A aguçada sensibilidade das brasileiras pôs à mesa jarras de suco antifascista
O cenário político da última semana ganhou um ingrediente inesperado, impactante e crescente: um movimento nacional e multifacetado de repúdio aberto ao fascismo e de defesa explícita da democracia.
Centrado na rejeição à candidatura de Jair Messias, o movimento é suprapartidário e alcança pessoas e organizações para muito além das campanhas eleitorais. A partir do chamado das brasileiras que se espraiou por manifestos, entrevistas, debates e desembocou na organização de atos públicos, entre eles os convocados para o próximo sábado (29), em todo o país e em muitas cidades pelo mundo, serão um marco decisivo.
Entusiasmado com essa movimentação real da sociedade brasileira, eu conversava com um grande amigo, experiente e arguto analista, que me relatou uma imagem que havia desenvolvido em um encontro com dirigentes sindicais. Discutia-se o que seria o “bolsonarismo”, esse fenômeno do atraso selvagem que provocou reações do porte do #EleNão, dos manifestos de intelectuais e artistas e um pronunciamento sem meias palavras das Centrais Sindicais unidas.
Para meu amigo, o “bolsonarismo” é como uma indigesta vitamina de frutas ruins, batida no liquidificador do cinismo, oportunismo e demofobia e querendo ter por líquido um povo que viraria suco.
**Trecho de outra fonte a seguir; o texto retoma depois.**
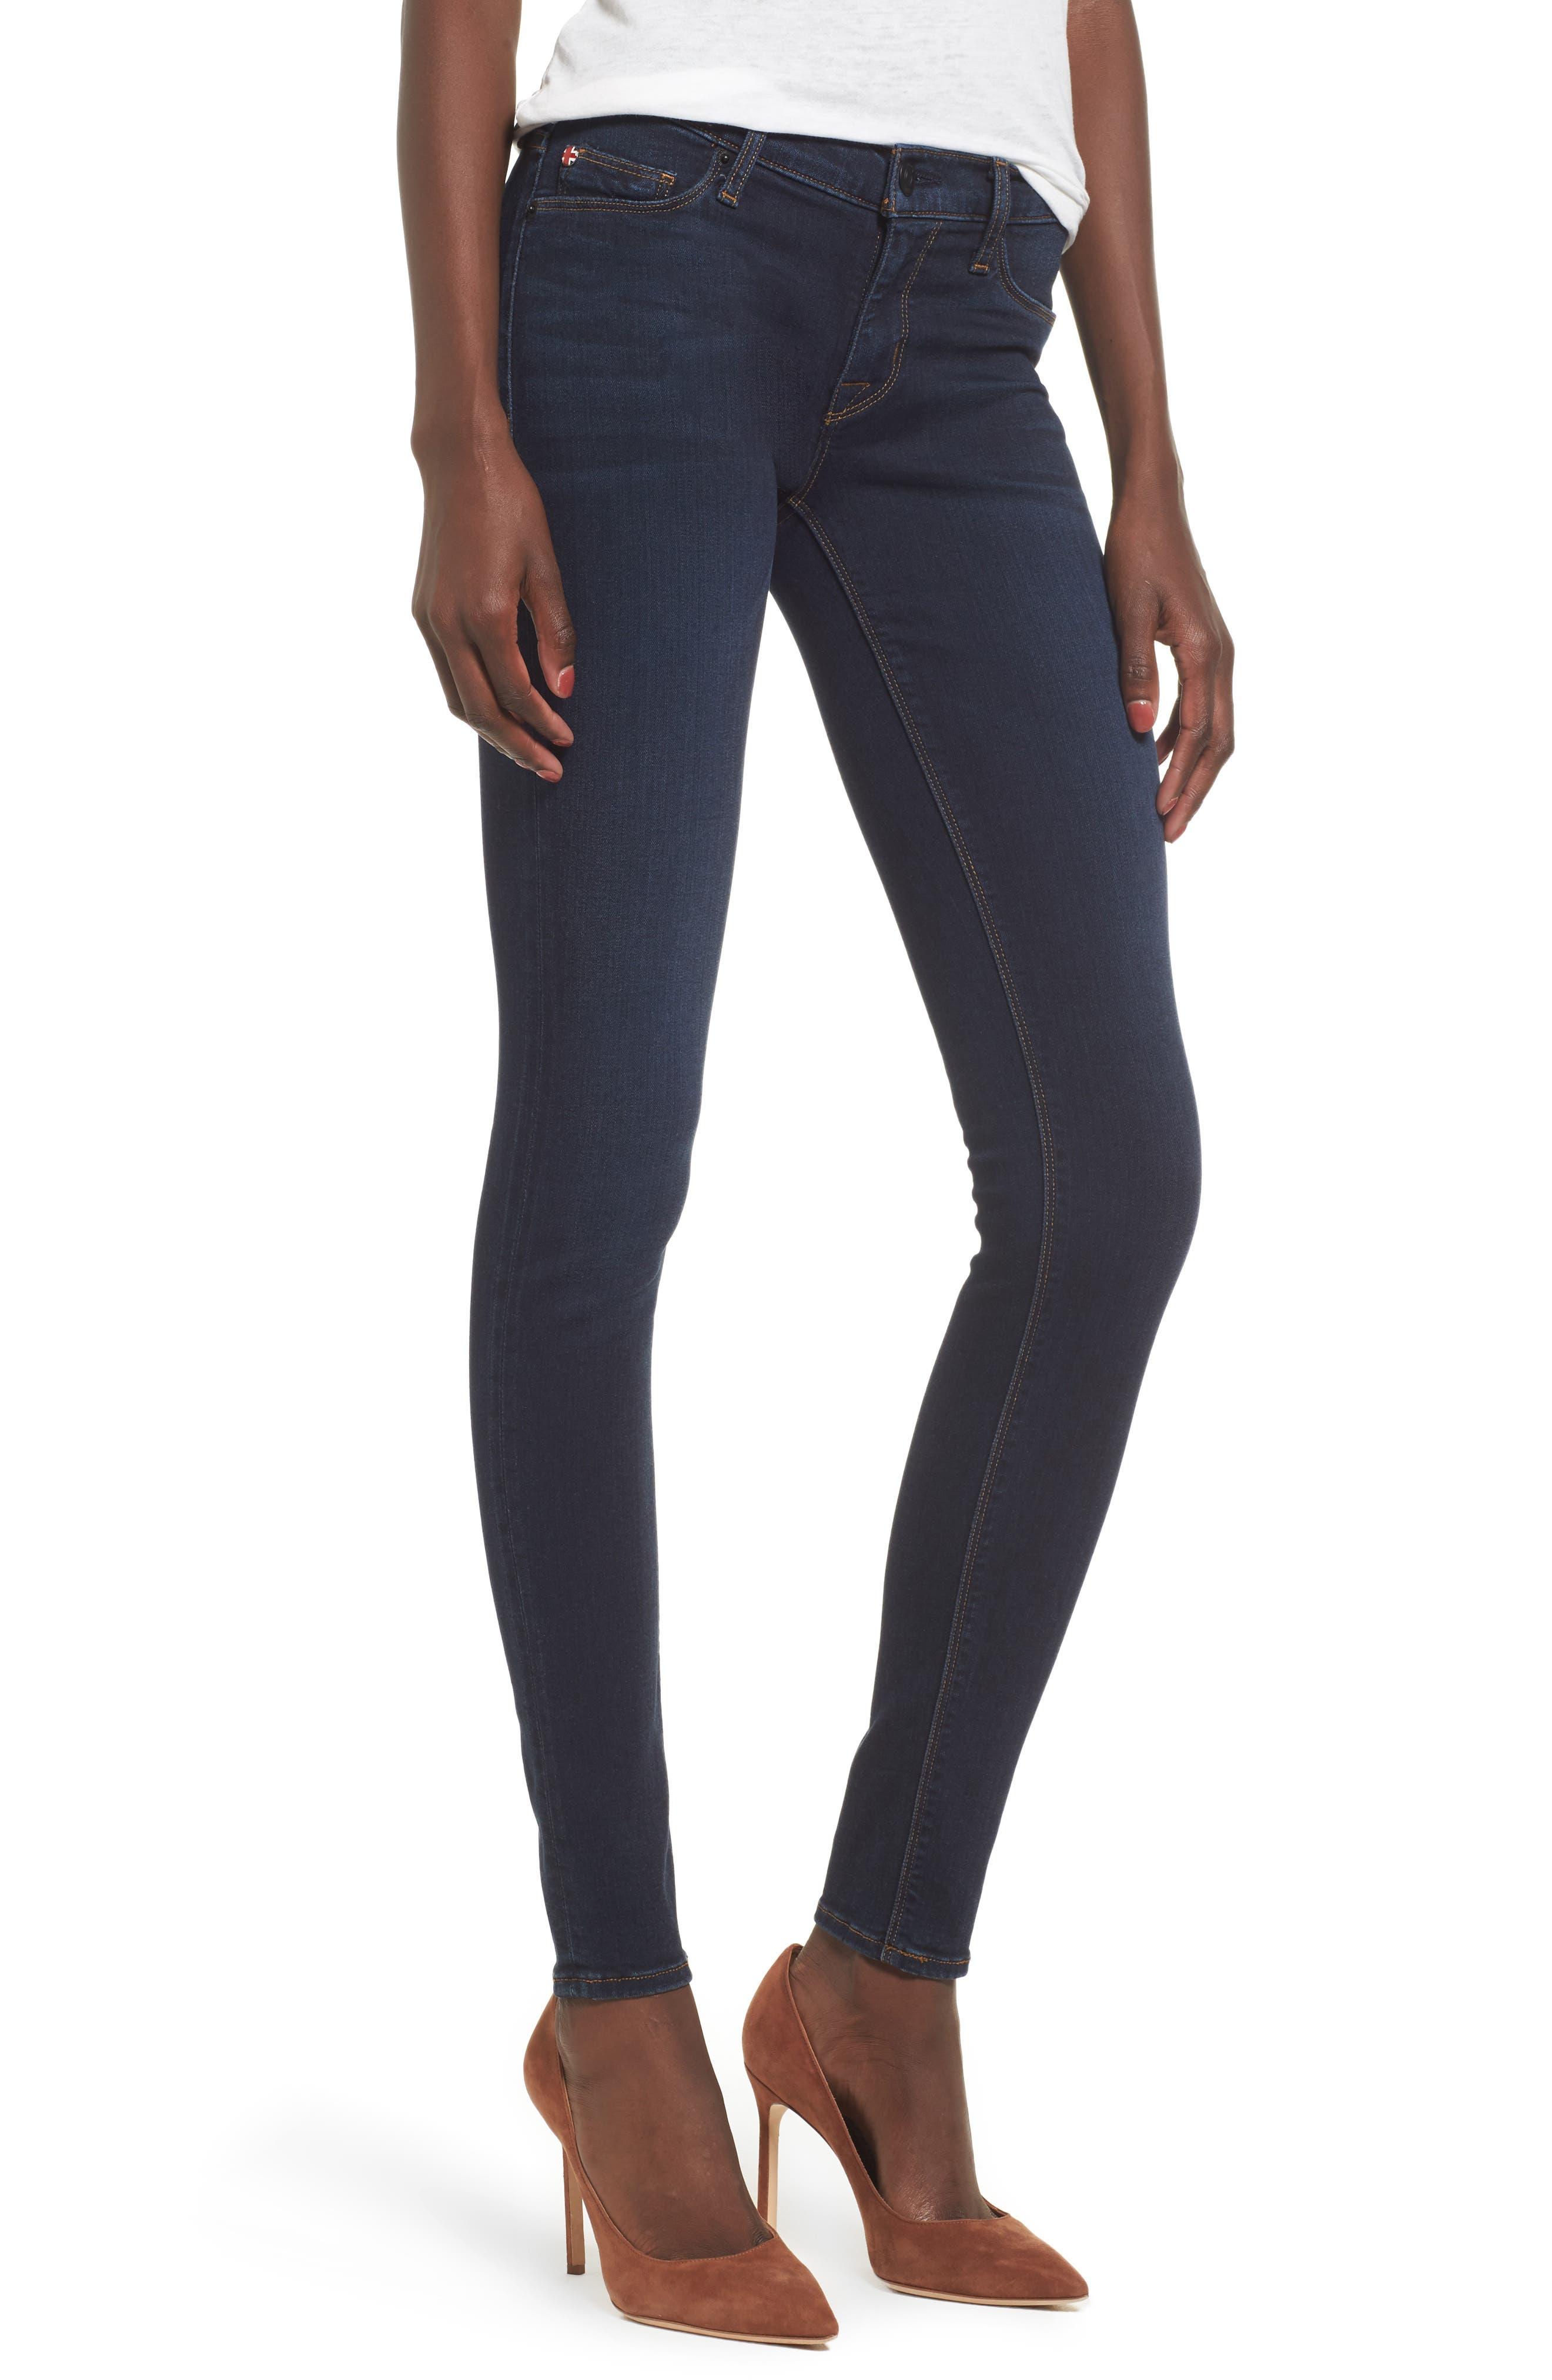 Main Image - Hudson Jeans 'Krista' Super Skinny Jeans (Skylark)

As frutas são quatro: i) a exploração despolitizada e sensacionalista de um desejo de Ordem; ii) o uso seletivo da bandeira Anticorrupção; iii) o reforço reacionário do Moralismo; iv) a propaganda enviesada do Antipetismo.
O motor das redes sociais, dos grandes meios de comunicação, de entidades e organizações empresariais e da própria campanha eleitoral do ex-capitão aciona um liquidificador desenhado com esmero pela elite brasileira. Pretende-se ocultar sob essa pasta uma diretriz econômica e social que faz da “Ponte para o Futuro”, ora em execução, um oásis de vida boa para os brasileiros.
Quem se der ao trabalho e ao desprazer de ler o programa do frentista do “posto Ipiranga”, escrito por Paulo Guedes com requintes de crueldade, verá que ali se propõe o arrocho brutal, a extinção generalizada de direitos, a transformação do Estado em mero aparato de controle e repressão e o desmonte da Nação. Como esse pudim de horrores não ganharia um voto da esmagadora maioria dos eleitores, a vitamina é ofertada como cobertura e disfarce.
A partir do despertar dos democratas e antifascistas, que vem dando corpo e alma à defesa da civilização em contraponto à barbárie, torna-se muito mais fácil para as campanhas eleitorais que compartilham dos valores do Progresso afirmar o que propõem como alternativa à gosma reacionária e de exploração dos trabalhadores.
Independentemente de suas diferenças, que são reais, todas podem vocalizar uma diretriz comum, de retomada do crescimento econômico e da redistribuição de renda; de combate às múltiplas desigualdades sociais com que convivemos; de viabilização de um Estado prestador de bons serviços e peça decisiva no investimento, na ampliação do consumo de massas e na recuperação da produção interna. Todas podem jogar fora a vitamina do Jair e oferecer bebida muito mais palatável e saudável aos eleitores.
Pelas múltiplas vias abertas pelo #EleNão é possível e necessário conversar com os brasileiros não só sobre a parte mais visível do fascismo – a negação do Outro, o machismo, o autoritarismo, a pregação da violência, a falsa religiosidade, a recusa à democracia – mas principalmente sobre o que pretendem as elites que bolaram a vitamina: muito lucro com pouco salário, emprego e serviços públicos. É uma oportunidade ímpar para, por exemplo, divulgar-se esbulhos, como o da cobrança de 20% de imposto de renda dos que ganham muito menos para garantir que os que ganham muito mais paguem ainda menos, como quer seu Guedes, o gerente do “posto”.
A aguçada sensibilidade das brasileiras pôs à mesa uma alternativa orgânica, jarras e jarras de suco antifascista. Personalidades das mais diversas orientações e entidades dos mais diversos setores já se lançam na certificação da qualidade do néctar democrático. É a hora dos eleitores, afirmando coletivamente que #EleNão, dizerem, pelo voto, que a bebida do momento é #NósSim.